Prime-Rational Frequency Synthesis Method and Frequency Synthesizers

Frequency synthesizers are an essential element to modern navigation and communications systems, as they provide the means to align and synchronize distributed transmitters and receivers with high signal purity. The degree of synchronization and signal purity is directly proportional to the quality of service offered by optical data networks and wireless communications. When the quality of service is compromised, the economic return of the transmission infrastructure cannot be optimized. Frequency misalignment is directly proportional to positional accuracy determined by a remote navigation system. Inaccuracy in position limits the usefulness of a navigation system and usually incurs higher costs and complexity through the compensation of frequency alignment error in dynamic environments, e.g., GPS acqusition. Secure communications systems that incorporate frequency hopping and PN-code encryption require both accurate and fast (agile) frequency synthesizers. The agility and accuracy of a frequency hopping system directly improves its robustness to jamming, spoofing, and interception. Previous technologies required undesirable trade-offs among four esstential aspects: Range--the magnitude of frequency change derived from the signal reference.
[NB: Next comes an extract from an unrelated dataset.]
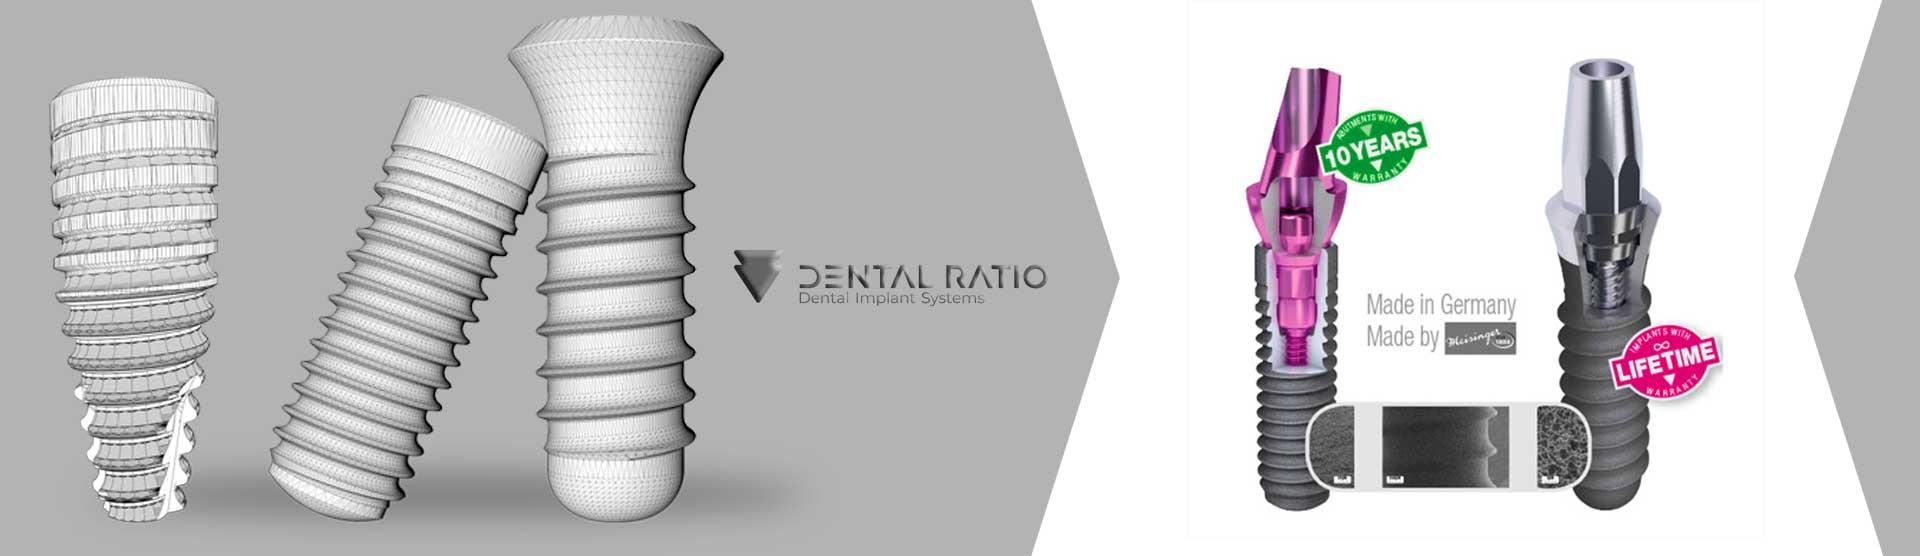 DENTAL RATIO, a cég, amiben hihet!

Resolution--the accuracy to which the synthesized frequency can be aligned to the desired channel Agility--the spped required for the synthesizer to change from one frequency to the next Spectral Purity -- the fidelity of the output frequency in both noise and unwanted spurious tones.
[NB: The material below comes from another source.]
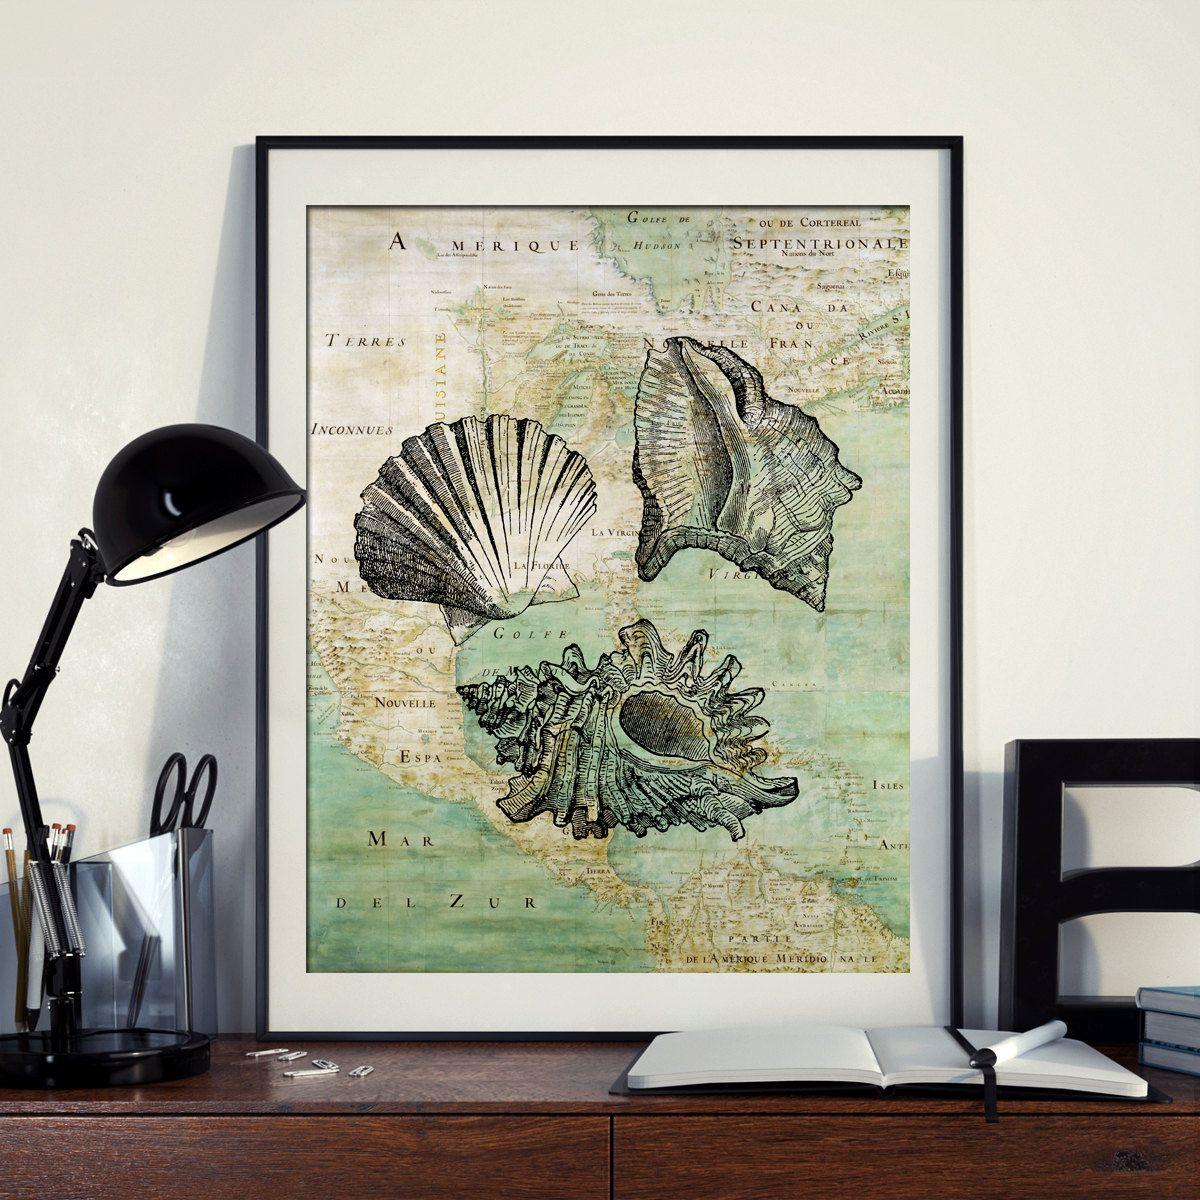 Vintage Map Of North America Shell Seashells Sea Ocean Seaside - Download map of north america

Using the JHU/APL approach to DFS alleviates these compromises in performance for frequency synthesizer design without taxing system complexity or resources. APL has demonstrated this potential benefit through ultrastable signal source research. DFS offers a significant advantage to frequency synthesizer architecture designes because the output frequency step can be made very small without large "divide by N" prescallers or small PLL reference frequencies. The resulting phase-comparator loop bandwidth frequencies used in DFS are easily filtered (spectral purity) and allow fast frequency change (agility). DFS distributes the frequency resolution among the constituent PLLs and allows for high flexibility in the choice of output frequency step (resolution) and frequency range. Typical DFS structures offer ratios of range over resolution of 4 to 5 orders of magnitude with using only three to four individual PLLs. These individual PLLs can be created from any common selection of commercially available integrated circuits, making DFS architecture conductive to microminiature structures including RF MEMS technology. An exemplary DFS architecture using only four COTS PLLs could operate on a 10 MHz reference signal and provide consecutive frequency step resolution of 100 µHz with a selectable range of at least ±10 kHz. The spectral purity of the synthesizer RF output would maintain spurious signal content below -100 dBc in a range of 1 kHz to 1 MHz from the carrier with no degradation in the spectral purity of the 10 MHz reference at frequency offsets less than 10 Hz.